350 417 20% of semen applied to hair highlight (6)                                          
325 426 A perv iffy about a French johnny-come-lately (7)                                   
334 618 Big noise behind Private Eye (6)                                                    
345 484 Concealments of balls snatched by Bristol supporters? (5-3)                         
382 462 Drop behind a human dynamo (4-4)                                                    
317 391 Embrace, taking drugs and sit round university (7)                                  
318 440 Government enterprise stifles political understanding (7)                           
412 439 Kiss unusually large copper on behind (8)                                           
348 402 Labour's last uncertainty: time for a split (4)                                     
420 465 Land of Bush senior: a major power no more (4)                                      
326 456 Members backing 'the old man' and party getting suddenly dropped as a punishment (9)
316 492 365 Mostly worried about nothing following business procedure to divert motions (9) 
374 483 Openly gay and keen to produce public disapproval (6)                               
404 464 Pants and takes the line of least resistance? (6)                                   
331 414 Penny might come first while being penetrated by good bloke (7)                     
324 395 Pornographic, dual controlled model? (5)                                            
367 458 Prison unrest (4)                                                                   
465 484 Result of having come from club out of basement (5)                                 
318 403 Second nature to put topless, backless bodice on oneself? (5,3)                     
391 455 Self-conceit: can Sir Dicky miss out? (10)                                          
339 477 Snoop hard at it getting stiff (8)                                                  
357 454 Something for a religious arse steeped in drink to heave (4,2)                      
352 421 Start to wank off metalworker (senior) (5)                                          
321 437 Vain fantasist: one to catch in Private Eye (7)                                     

The three digits are the crossword number that the clue appeared in.
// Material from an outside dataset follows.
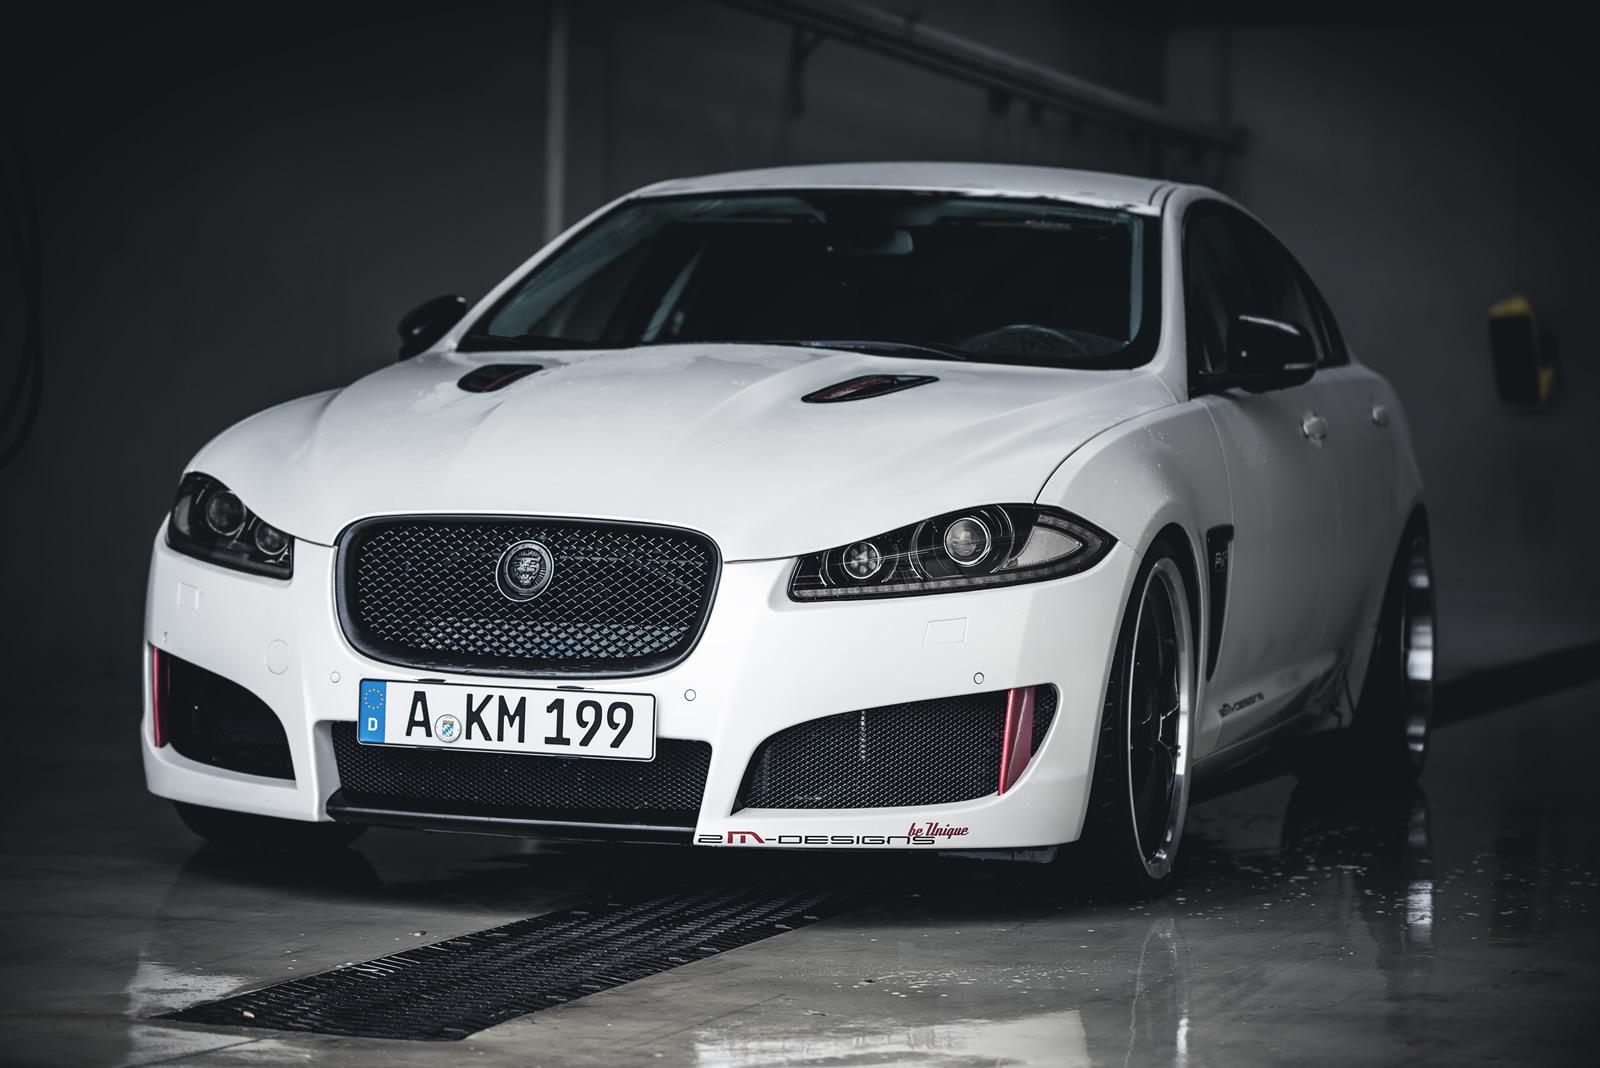 Jaguar Xf Complex Tuning Transformation By 2m Designs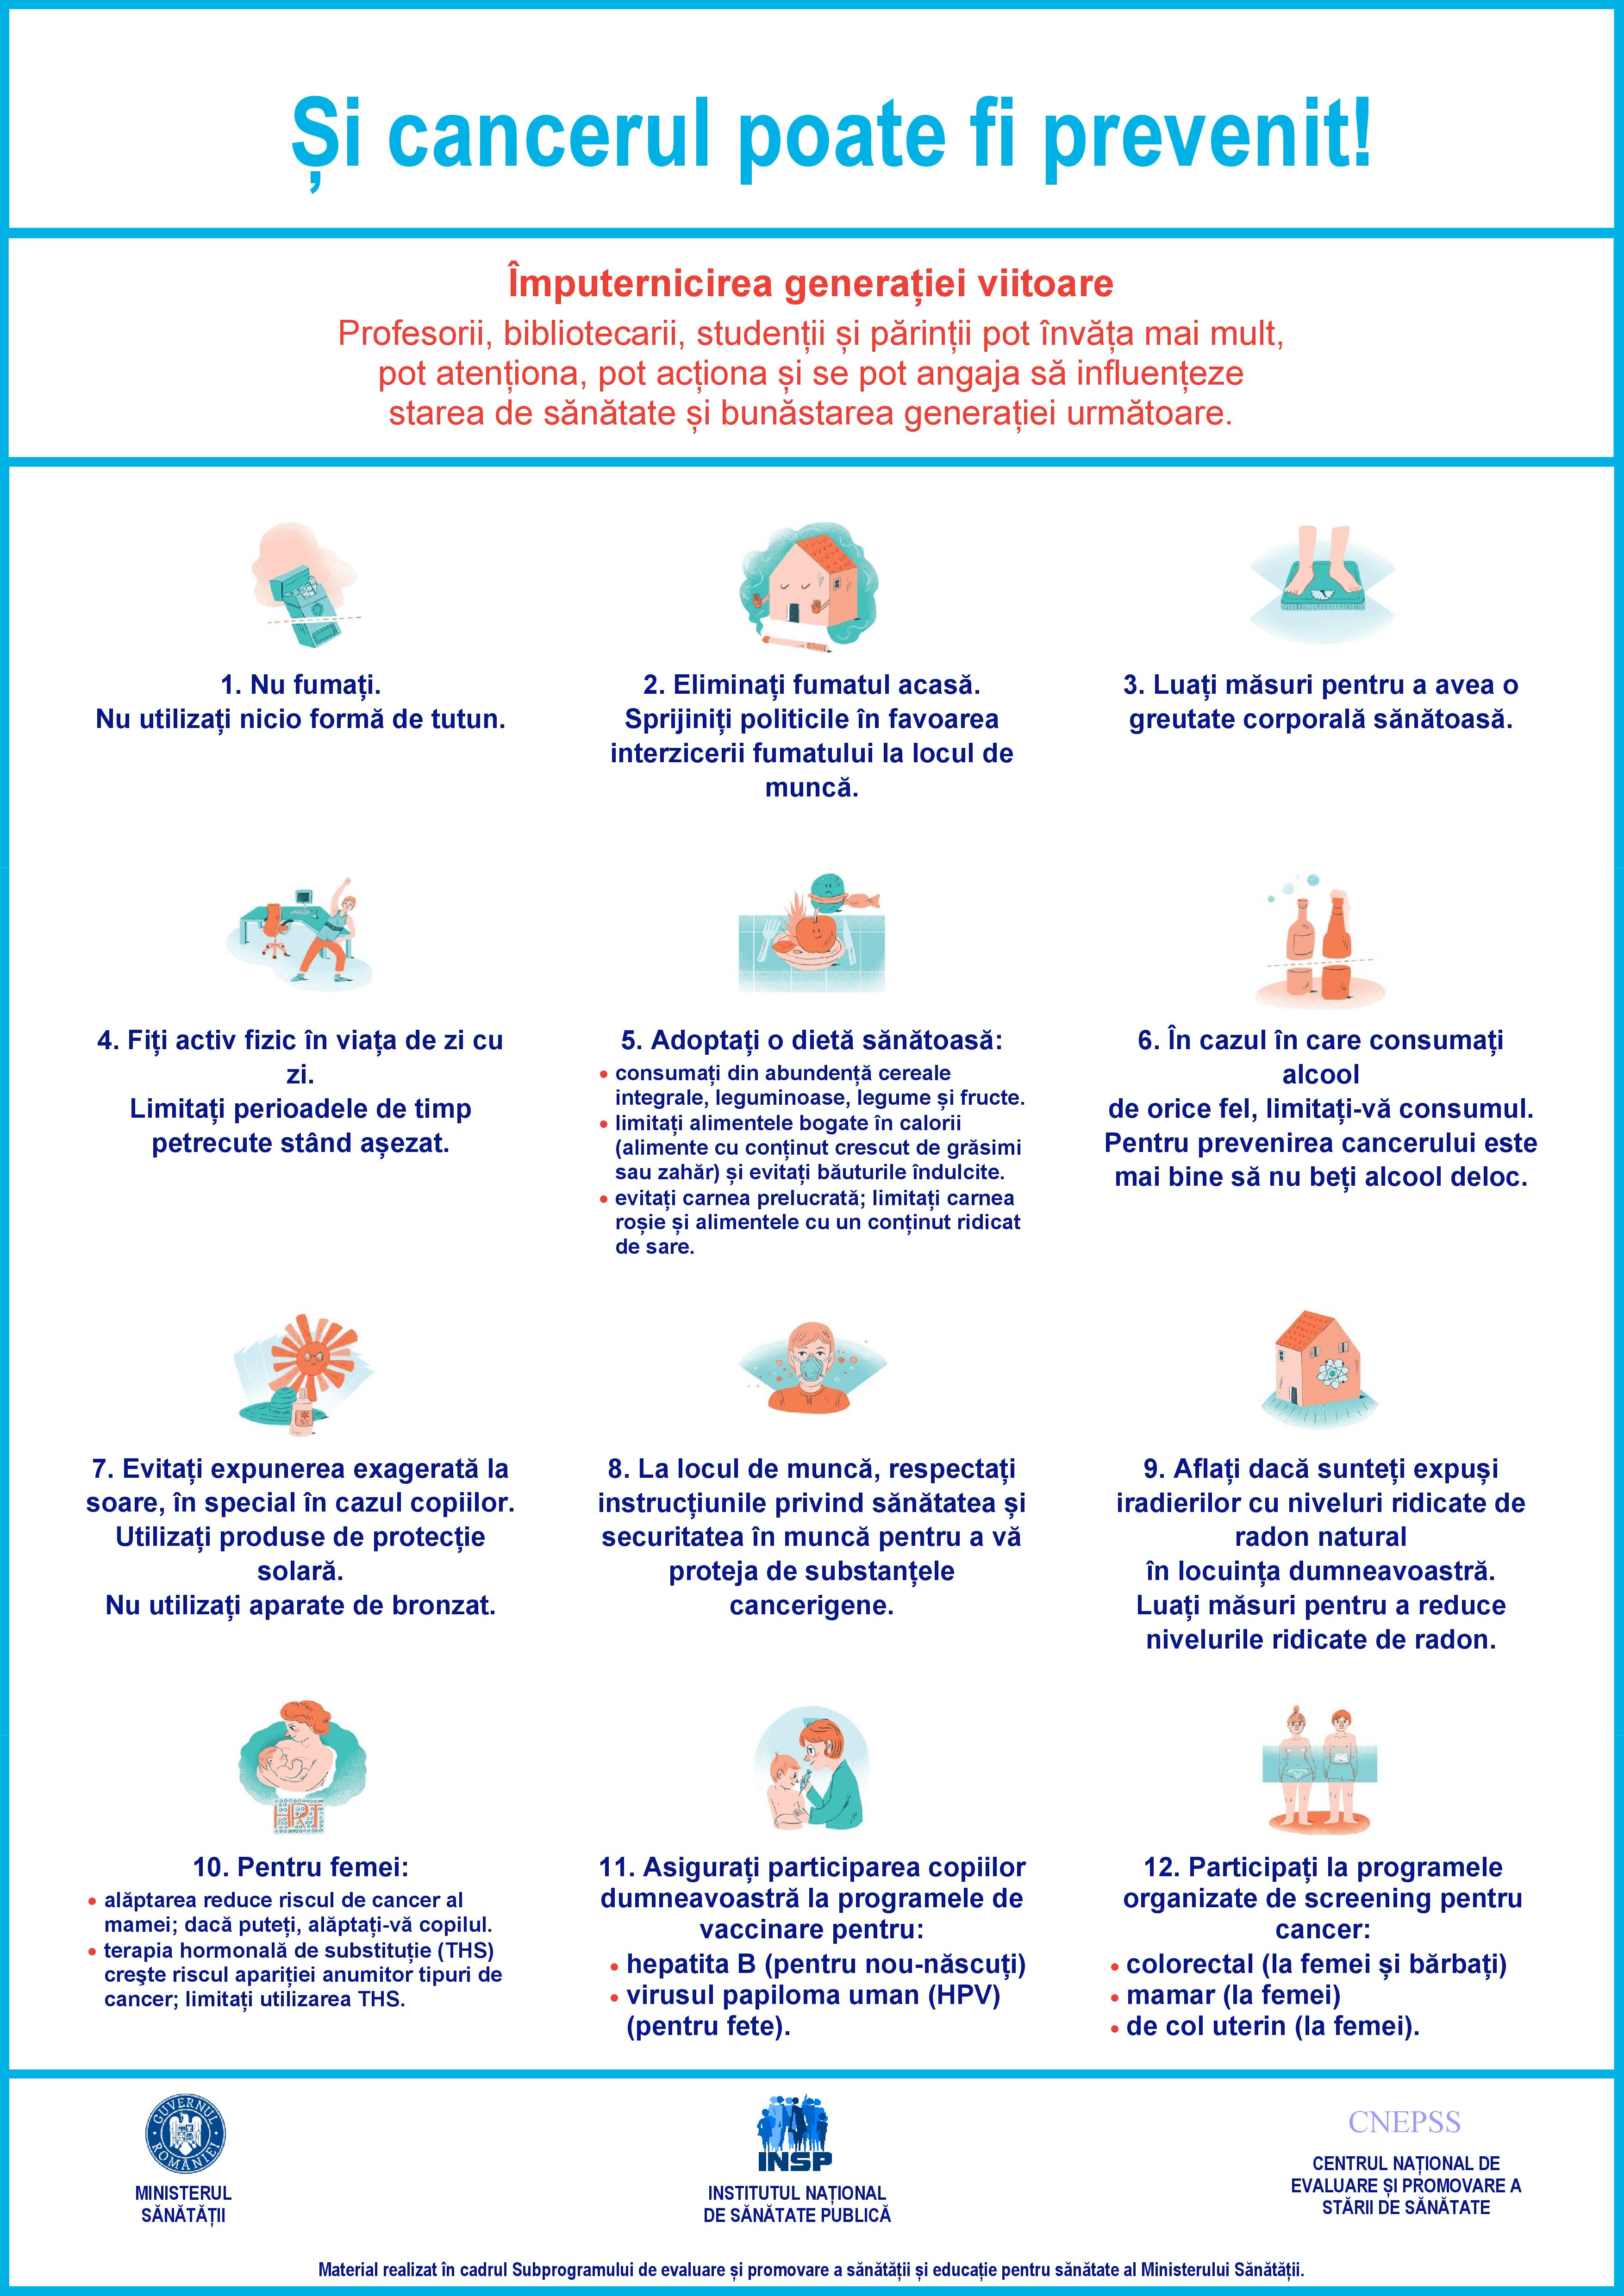 http://www.medstar2000.ro/wp-content/uploads/2019/07/preventia-cancerului.png

You can observe one clue was reused twice, and crossword 484 contained two previously used clues.

We also have enough text that we can attempt to make a markov chain model. Markov chains work out the probability of a word following another. The upshot of this is you can get a computer to produce novel content that mimics the style of whatever text was input.

I used another excellent python project called markovify:

import markovify

# Get raw text as string.
with open("cyclops.list.clean") as f:
    text = f.read()

# Build the model.
text_model = markovify.NewlineText(text)

for i in range(20):
    print(text_model.make_sentence())

Which gives us output like this:

River Republican - prepare for the President?
Right sort of day for innocence
Politician's words that he might well have to make hole bigger
Overpaid bank chief liable to produce a tight session?
Electorate embraces Gordon at first appearance in Sun circulation terms, much of it
Cameron's Europe policy apparently is too much booze, with inside of penis turning green initially?
Require foreign article and end of June
Stampede here to fall behind after Gordon just started on about speed of light - stupid cretin, nutter!
Leader of Tories is implicated in email set fiasco - love the old lady - disgrace!
Laugh like a drug
Schmaltz rejected to get behind
Taking Boris's lead, needed tip - what a disaster!
Pissed member before sex check
Fully attentive like our Brian, said to be squeezed by tight chinos - it's part of Gordon Brown's outdated tax - misconceived shit
Abandoned as useless, Corbyn and his dismissive expression
House might be kept stable!
Corporation owner stuffing model in middle of geek's facial hair
Stimulating nice feel outside the church is what Eye readers got in June, so a massive descent
Stupid management relied on by Ray's cooked sole
Reject half of Australia with electronic insert
Ace body-builder's reported muscles makes you want to penetrate slag

In case it is not clear, these are not real clues that could be solved! But they are indeed distinctly Cyclopean.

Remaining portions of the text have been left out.